Carillion and Balfour Beatty's £3m merger collapses
Shareholders will receive a £200m share of the proceeds from the sale
Jim Armitage is the City editor of The Independent and London Evening Standard group of newspapers. He has been a reporter and editor for more than 20 years and was recently shortlisted for the Press Gazette financial journalist of the year and The Society of Editors financial journalist of the year awards.
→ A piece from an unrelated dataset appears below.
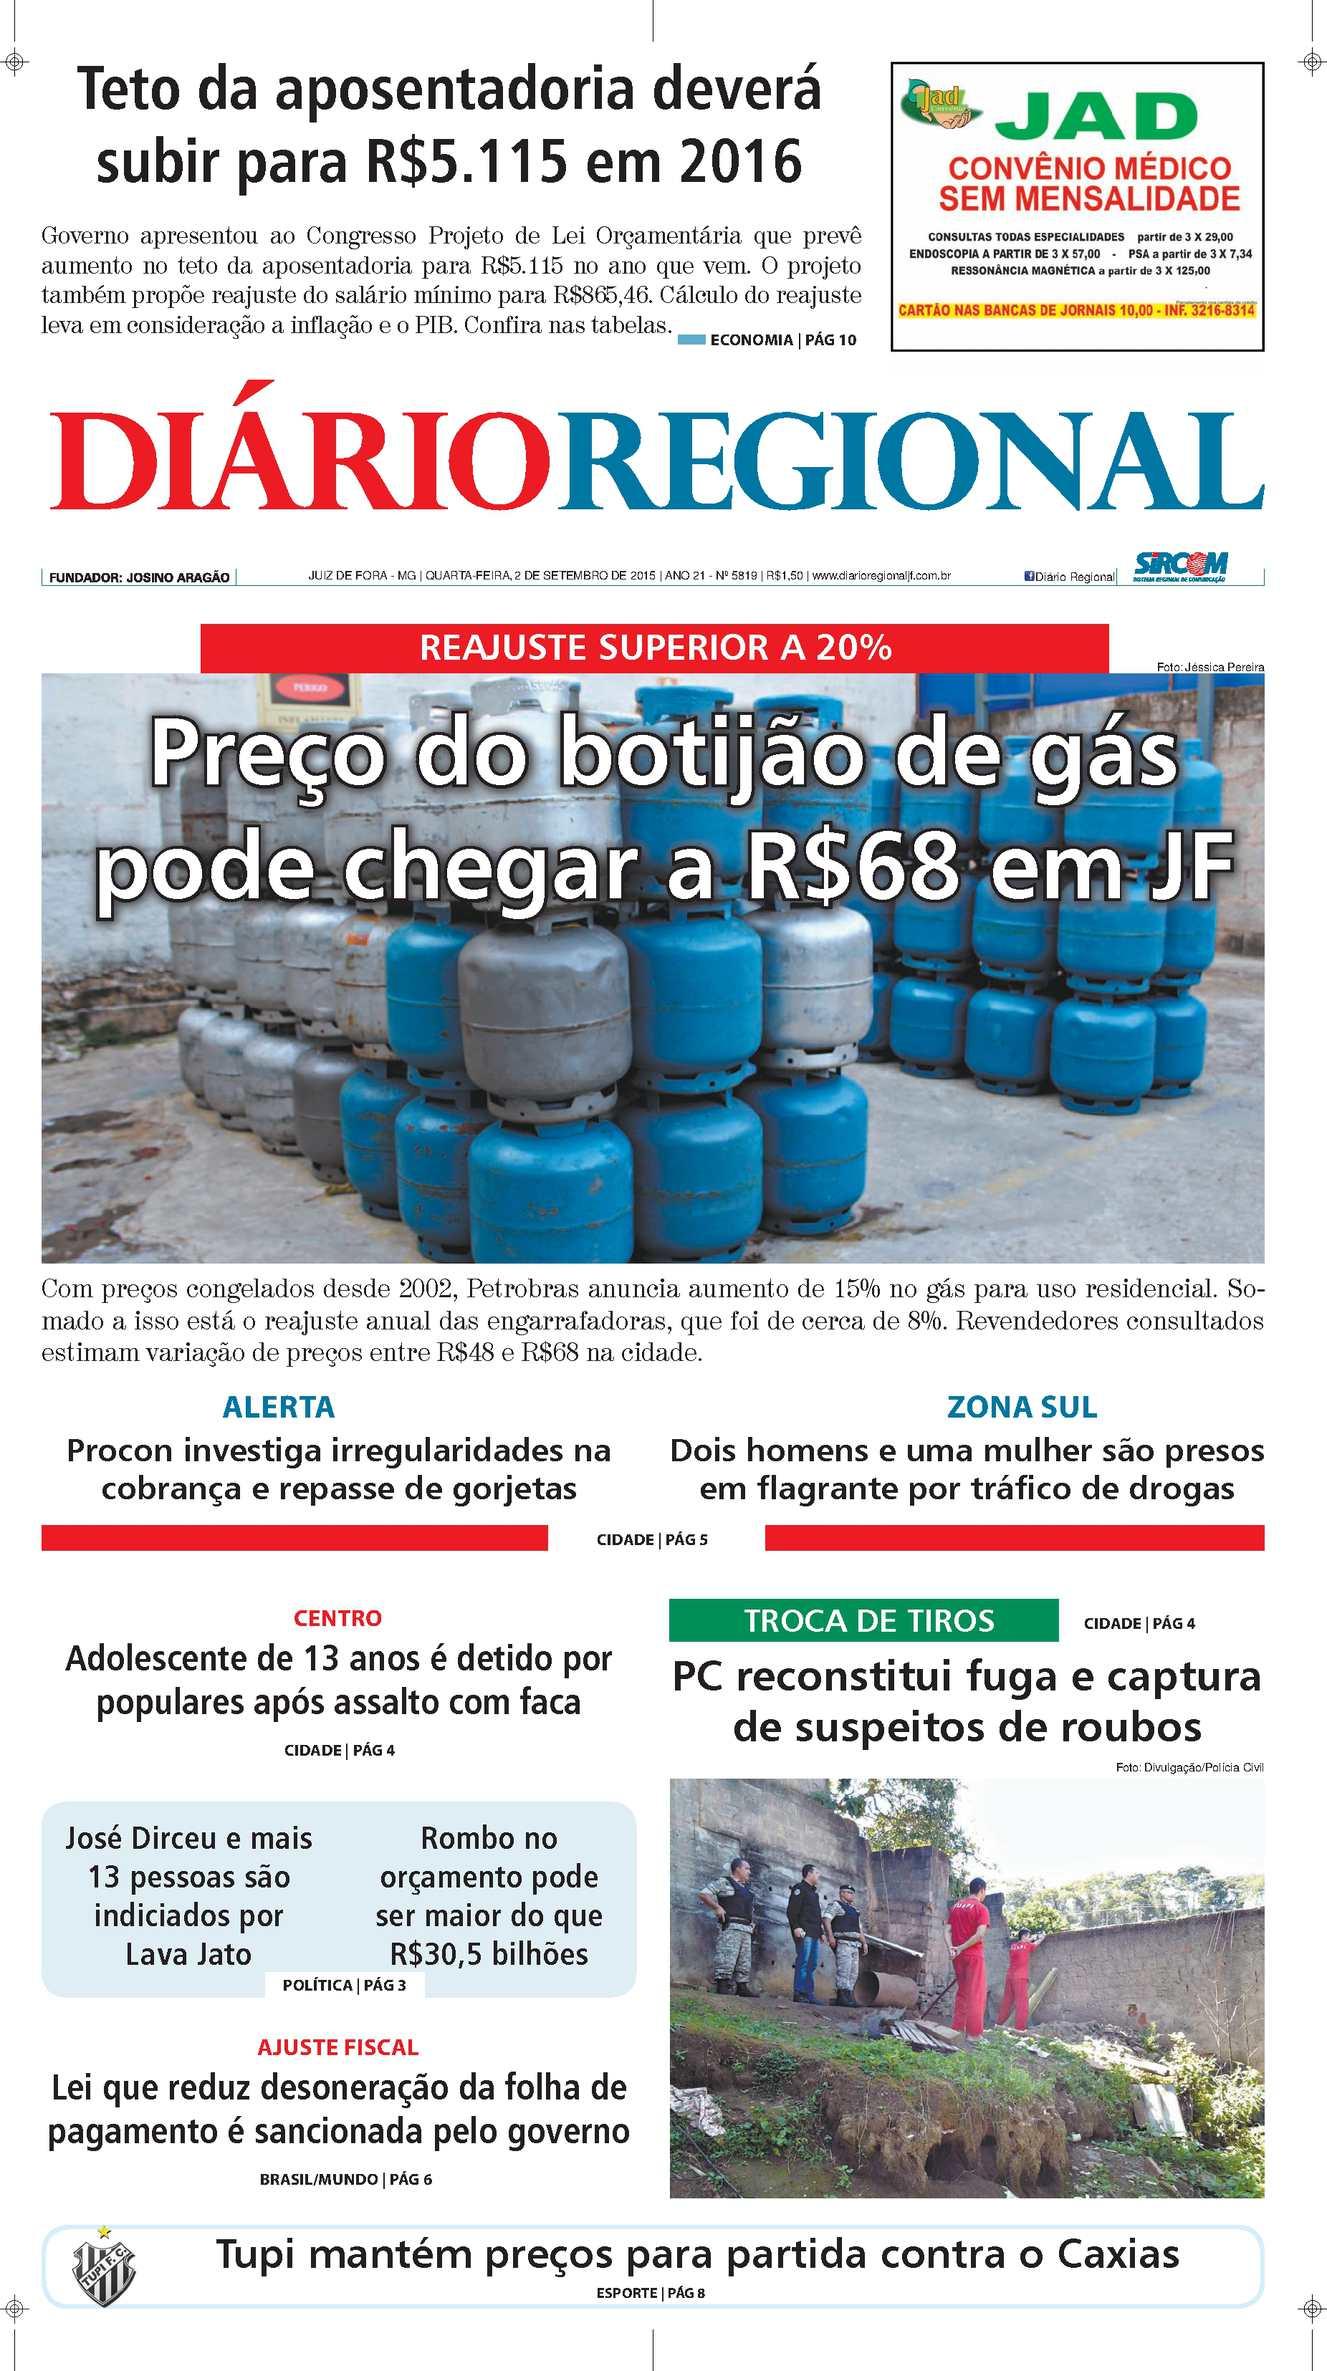 Calaméo - Jornal Site 2 9 15 aae86eb9d5515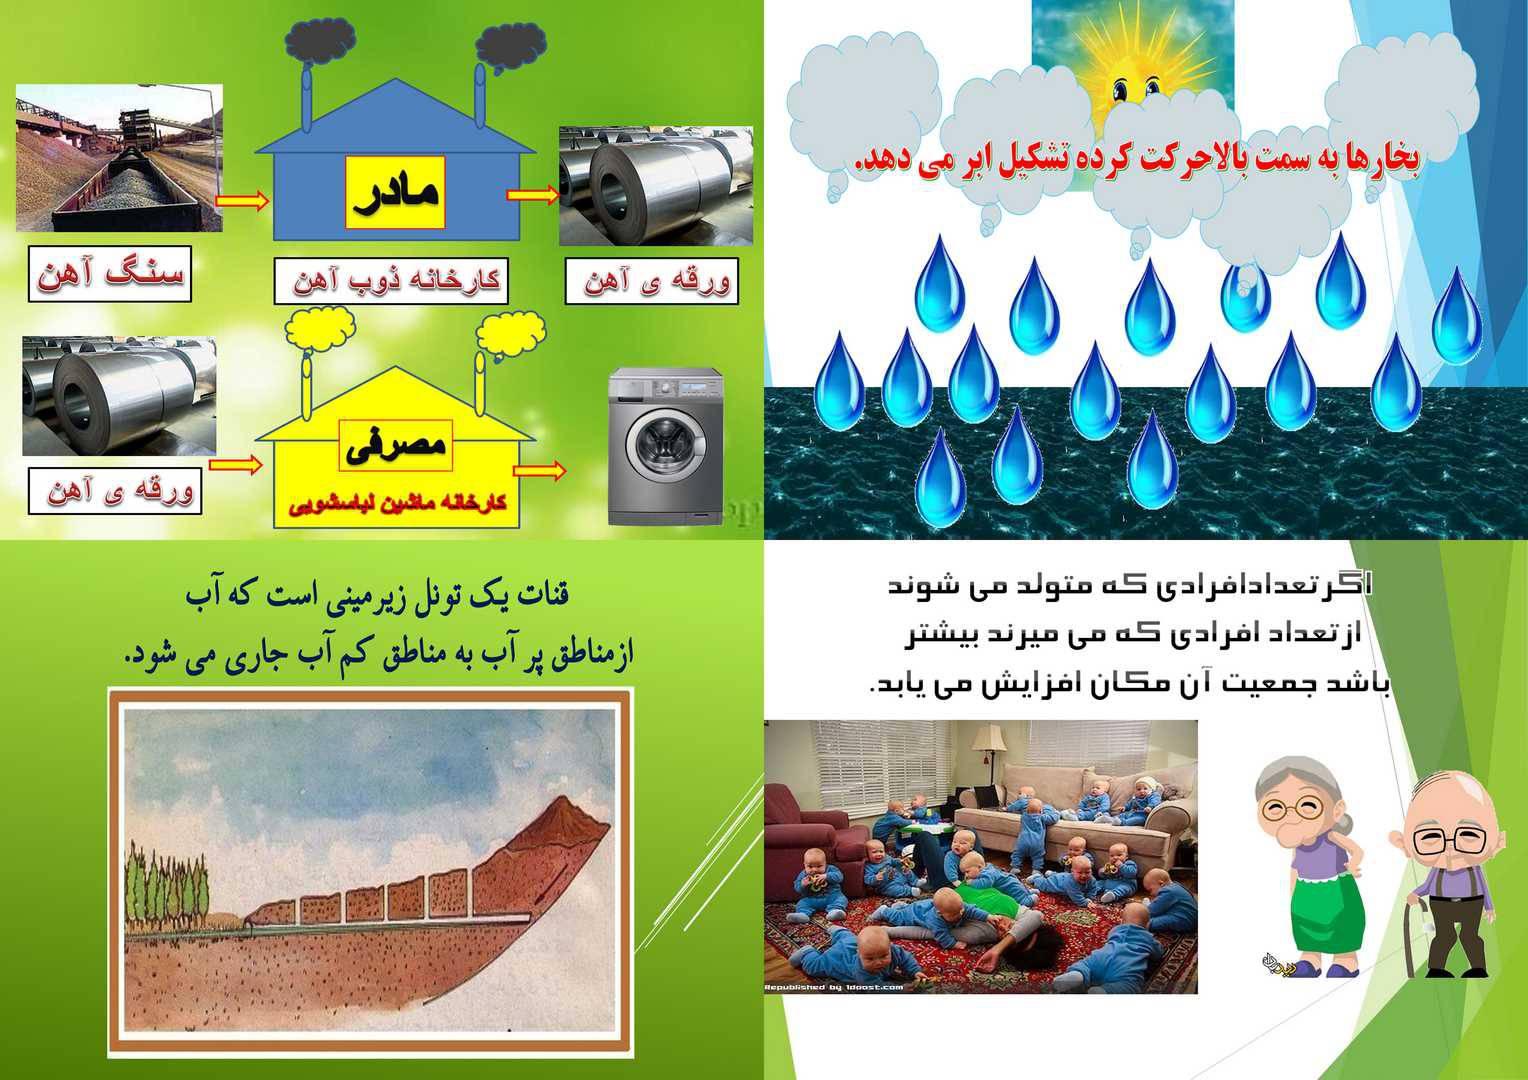 مجموعه پاورپوینت اجتماعی پنجم(جمعیت،تشکیل رود،منابع آب،صنعت)

He contributes news, investigative reports and comment to the Independent titles plus a daily column in the Evening Standard.
Deputy business editor
Wednesday 03 September 2014
Hopes of a £3bn merger between construction groups Carillion and Balfour Beatty looked set to be dashed last night after Balfour agreed a sale of its US business.
Carillion had, early on in the long-running negotiations, declared the American arm, known as Parsons Brinckerhoff, would be retained. But Canada’s WSP Global agreed to pay $1.35bn (£820m) to buy it.
Balfour had, throughout the talks, been keen to sell the US arm at what it saw as a favourable valuation at the best time in the economic cycle, but Carillion wanted to keep the lucrative American cashflows through the merger.
Shareholders will receive a £200m share of the proceeds from the sale, with £85m going on shoring up Balfour’s pension scheme and the rest to strengthening its financial reserves.
Reports had said construction services group Atkins and a number of private equity firms were also in the running to buy the company, but WSP edged ahead in the middle of last month.
Balfour Beatty has issued a string of profit warnings which claimed its chief executive’s scalp earlier this year.
Executive chairman Steve Marshall said the deal would “provide a strong foundation for an incoming group CEO to take the company forward.”
WSP was a London Stock Exchange-listed UK engineer until two years ago when it was bought by Canadian rival Genivar. The combined company went back to the WSP name last year.